Data extracts:
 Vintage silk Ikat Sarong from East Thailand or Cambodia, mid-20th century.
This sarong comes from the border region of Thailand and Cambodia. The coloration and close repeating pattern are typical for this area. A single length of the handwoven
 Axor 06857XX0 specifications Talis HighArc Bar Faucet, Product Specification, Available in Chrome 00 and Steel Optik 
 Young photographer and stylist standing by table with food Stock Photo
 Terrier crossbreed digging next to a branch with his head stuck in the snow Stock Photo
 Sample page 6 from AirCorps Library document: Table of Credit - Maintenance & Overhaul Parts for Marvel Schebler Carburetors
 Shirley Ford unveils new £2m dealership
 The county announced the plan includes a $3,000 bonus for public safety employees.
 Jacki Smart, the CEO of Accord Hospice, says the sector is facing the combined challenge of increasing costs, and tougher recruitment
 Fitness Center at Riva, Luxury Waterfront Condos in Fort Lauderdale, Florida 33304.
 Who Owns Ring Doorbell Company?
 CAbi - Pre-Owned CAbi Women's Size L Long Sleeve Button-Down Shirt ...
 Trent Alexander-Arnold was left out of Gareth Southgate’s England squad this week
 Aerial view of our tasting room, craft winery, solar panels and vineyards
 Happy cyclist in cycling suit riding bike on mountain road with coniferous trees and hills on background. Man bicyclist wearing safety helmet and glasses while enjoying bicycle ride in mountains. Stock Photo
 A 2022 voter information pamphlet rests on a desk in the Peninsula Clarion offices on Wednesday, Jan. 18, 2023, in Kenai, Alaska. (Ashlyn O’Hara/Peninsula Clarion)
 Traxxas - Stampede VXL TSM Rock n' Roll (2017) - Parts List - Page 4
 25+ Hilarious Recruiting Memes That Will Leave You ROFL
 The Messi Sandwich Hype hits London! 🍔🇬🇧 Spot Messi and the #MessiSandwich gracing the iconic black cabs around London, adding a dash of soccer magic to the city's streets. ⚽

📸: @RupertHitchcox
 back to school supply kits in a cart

The problem: Please return the lines above exactly, from the first one down to the line with "Who Owns Ring Doorbell Company?", and stop after that line.

Worked solution:
 Vintage silk Ikat Sarong from East Thailand or Cambodia, mid-20th century.
This sarong comes from the border region of Thailand and Cambodia. The coloration and close repeating pattern are typical for this area. A single length of the handwoven
 Axor 06857XX0 specifications Talis HighArc Bar Faucet, Product Specification, Available in Chrome 00 and Steel Optik 
 Young photographer and stylist standing by table with food Stock Photo
 Terrier crossbreed digging next to a branch with his head stuck in the snow Stock Photo
 Sample page 6 from AirCorps Library document: Table of Credit - Maintenance & Overhaul Parts for Marvel Schebler Carburetors
 Shirley Ford unveils new £2m dealership
 The county announced the plan includes a $3,000 bonus for public safety employees.
 Jacki Smart, the CEO of Accord Hospice, says the sector is facing the combined challenge of increasing costs, and tougher recruitment
 Fitness Center at Riva, Luxury Waterfront Condos in Fort Lauderdale, Florida 33304.
 Who Owns Ring Doorbell Company?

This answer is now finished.